Para politisi tua tak paham konstitusi pun semakin mengacaukan suasana, dengan menjual nama generasi muda, mereka tak sedikit pun bersuara kontra akan putusan yang membunuh demokrasi dan konstitusi kita.
Hal tersebut menambah guratan panjang kekecewaan kami akan kondisi negeri.
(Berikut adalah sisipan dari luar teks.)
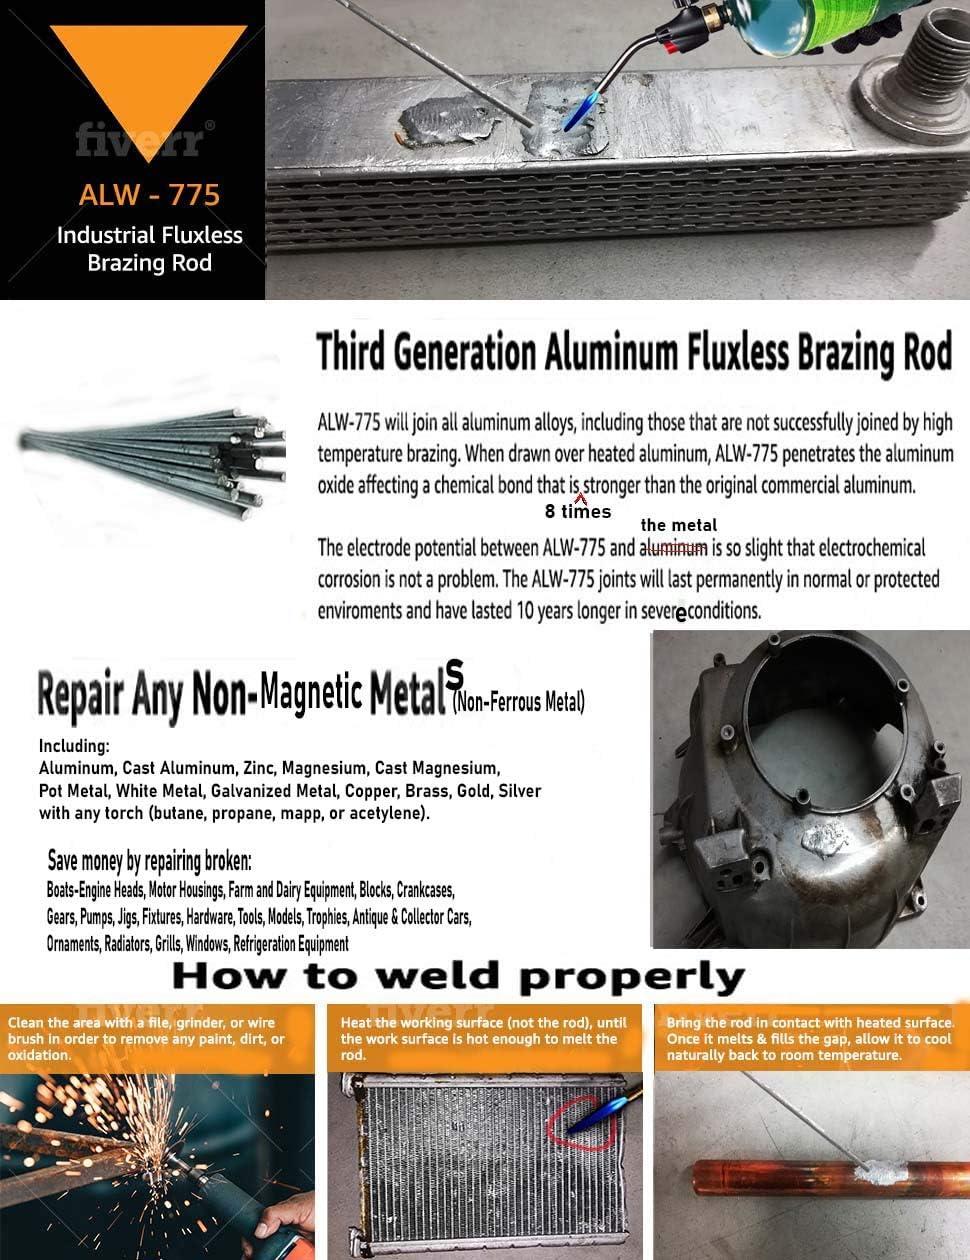 ALUMINUM FLUXLESS 5 PC.18 BRAZING RODS WELDING RODS REPAIR NON FERROUS NON MAGNETIC METAL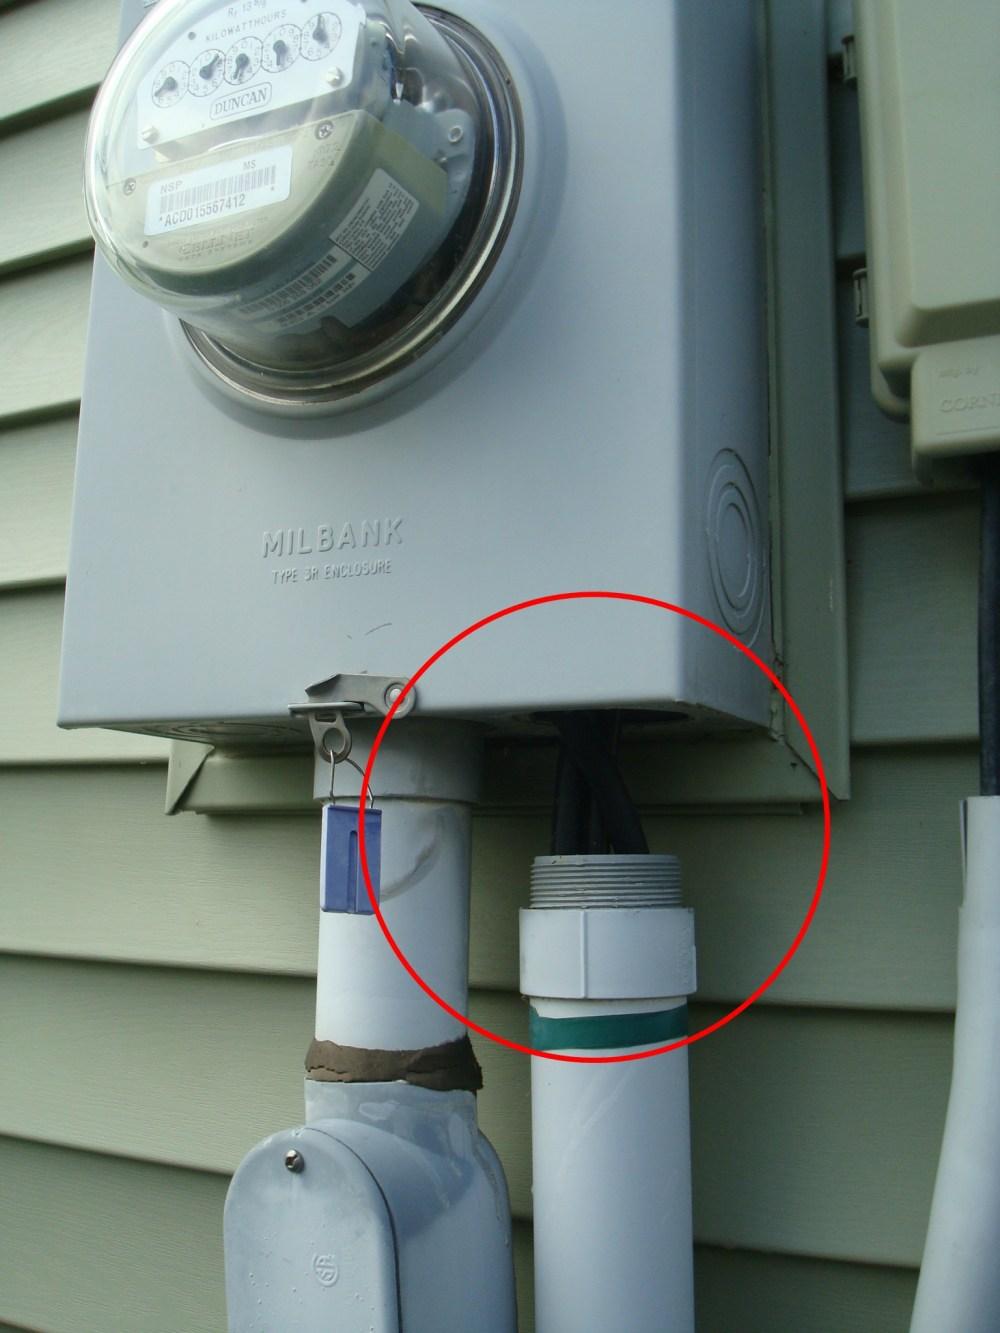 medium resolution of house meter box wiring simple wiring schema 4 wire service entrance wiring house meter box wiring

Setelah bertahun-tahun kami dipertontonkan dengan mandeknya penyelesaian pelanggaran HAM masa lalu, bobroknya pemberantasan korupsi, penggunaan alat-alat negara untuk membungkam suara-suara kritis, perampasan tanah-tanah rakyat, dan juga perusakan lingkungan hidup, hari ini trust issue kami semakin diperparah dengan pengkhianatan konstitusi dan juga bangkitnya politik dinasti.